Great feature. Thanks @leandrocp! Your library is really top notch. Using it to build my website blog parts and it’s been a pleasure to use.

I was thinking in maybe add custom syntax highlighting themes, is that possible? Thanks again.

leandrocp · May 23, 2025, 8:31pm

Thanks! Yep you can create either provide your own %Autumn.Theme{} or modify existing ones, for example:

%{highlights: highlights} = theme = Autumn.Theme.get("github_dark")
red_text_style = %Autumn.Theme.Style{fg: "red"}
highlights = Map.put(highlights, "string", red_text_style)
theme = Map.put(theme, :highlights, highlights)

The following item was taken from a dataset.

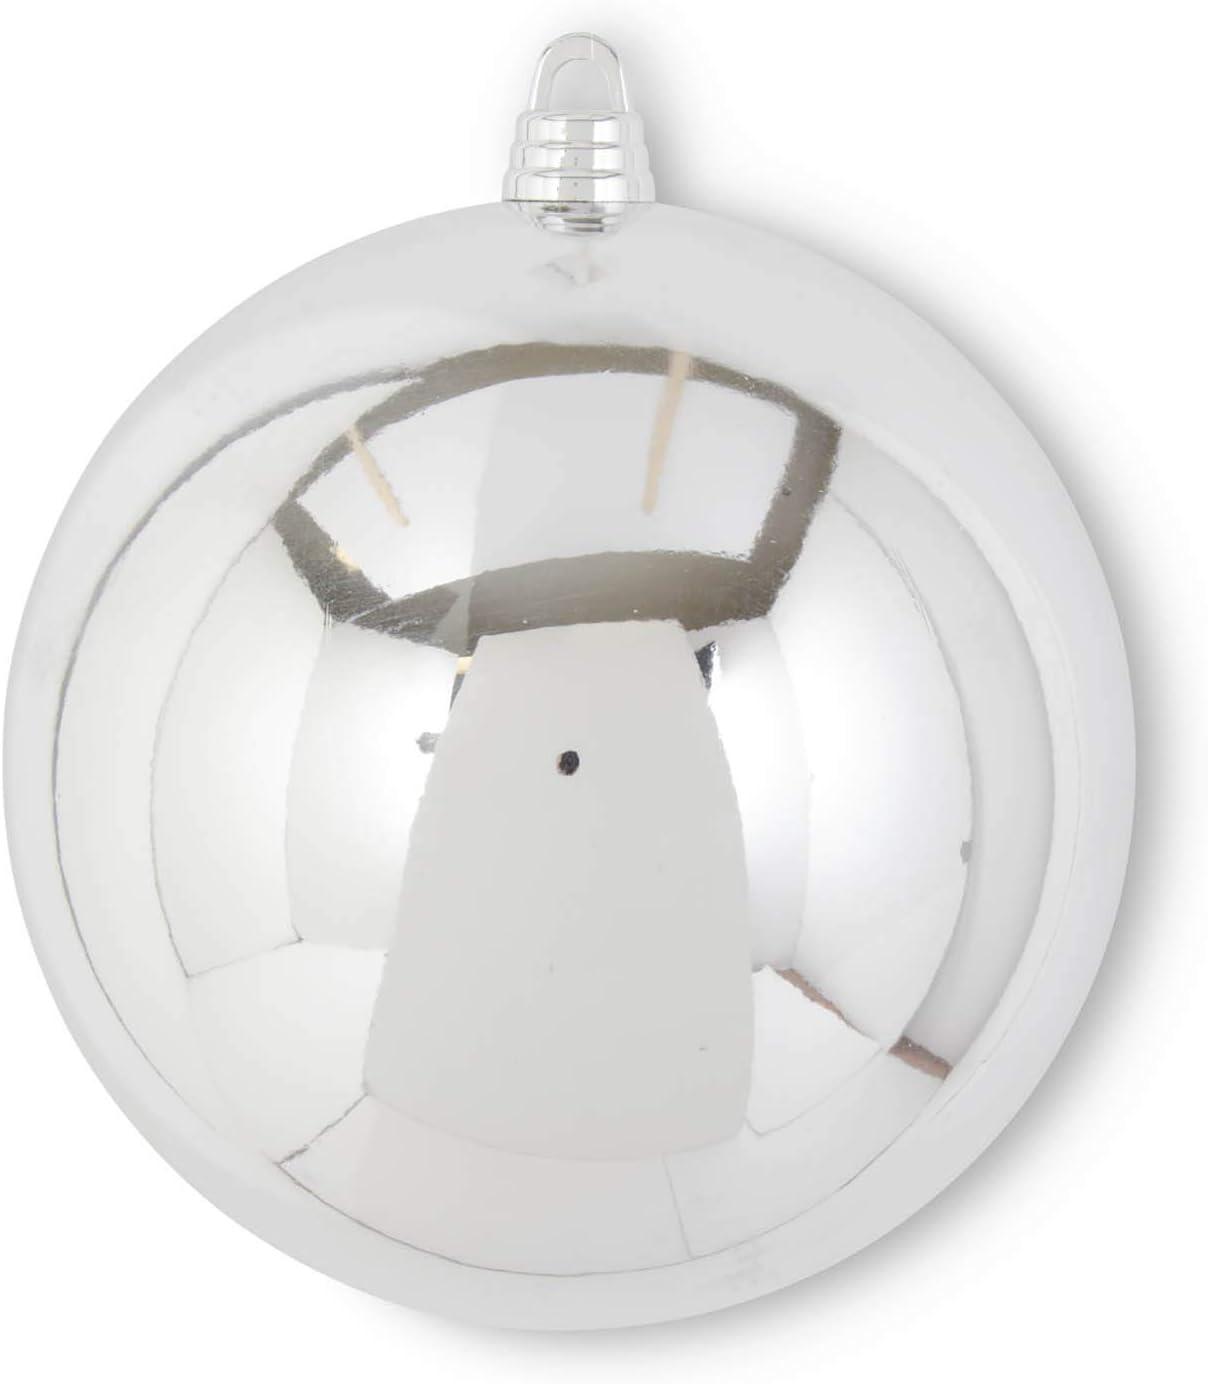 KK Interiors 54104F-SI 14.5 Inch Shiny Arlington Mall Silver Shatterproof Selling Orna
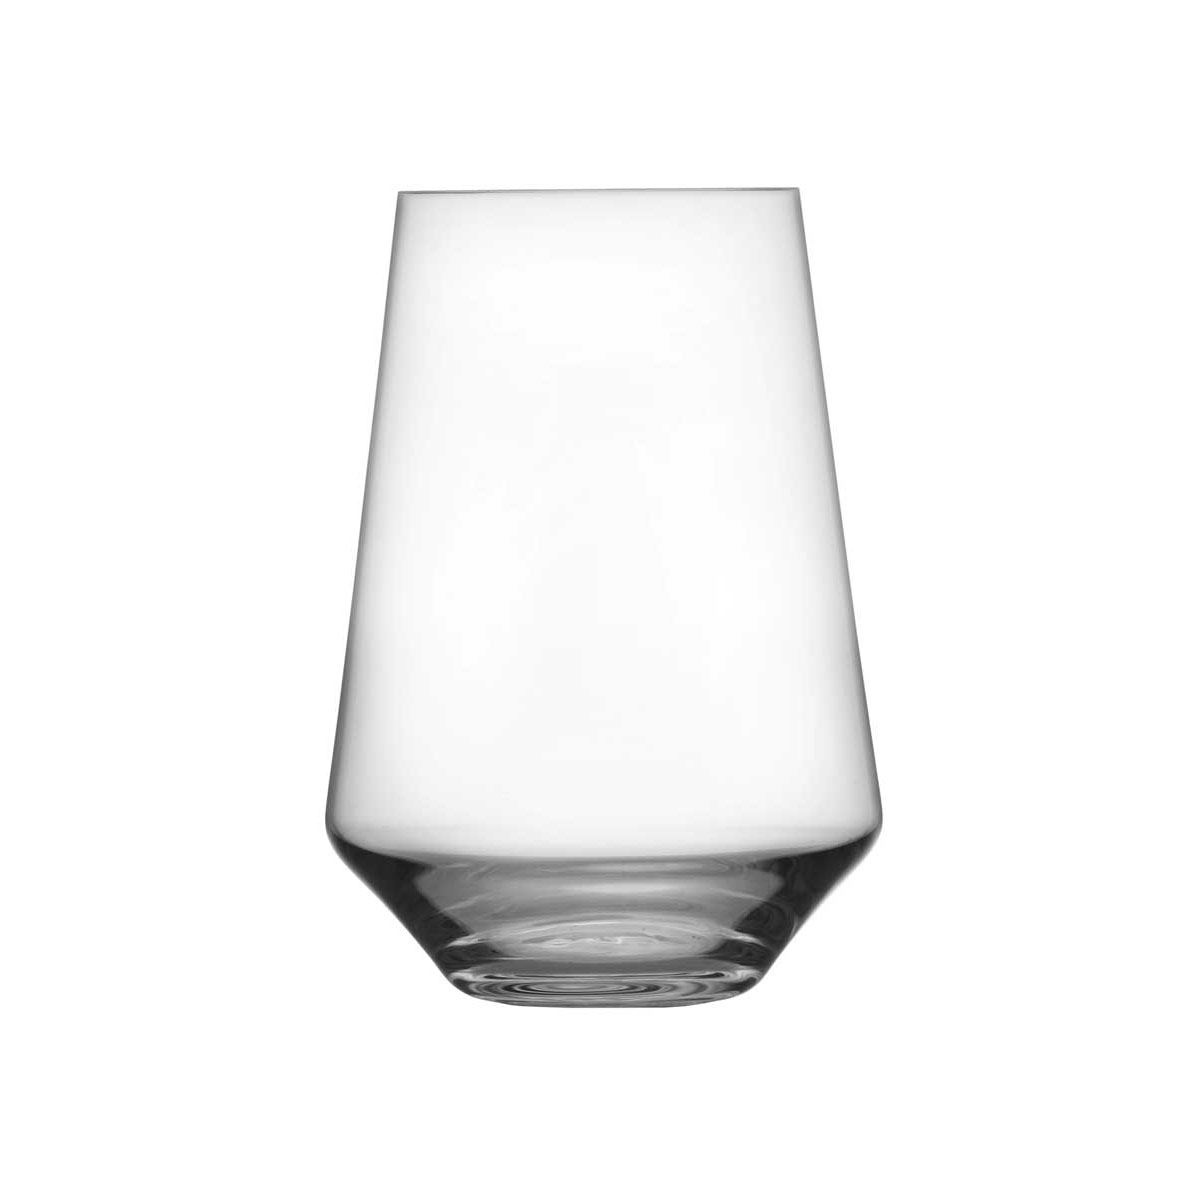 Schott Zwiesel Tritan Crystal, Pure Bordeaux, Cabernet Stemless Wine Tumbler, Single

Then format using that theme:

MDEx.to_html!("""
```elixir
String.upcase("elixir")
```
""",
syntax_highlight: [formatter: {:html_inline, theme: theme}])

You’ll see <span style="color: red;">"elixir"</span> in the output.

I should probably implement the Access behaviour to let you just call put_in(theme, [...], value)

EDIT: Autumn is another library, you can find docs at Autumn — Autumn v0.3.3

greven · May 23, 2025, 10:40pm

Hey Leandro!

I saw that Autumn was Rust based so didn’t get that it was written by you, too!

Thanks for the recipe! I see that there is an issue regarding custom themes so didn’t think I it was possible. Obrigado!

leandrocp · May 23, 2025, 11:36pm

That Rust crate is required to call all tree-sitter bindings. Autumn is a “client” of that crate and finally MDEx makes use of both since it requires both Elixir and Rust. I know it’s a bit confusing but it was the best way I found to maintain all pieces together. De nada!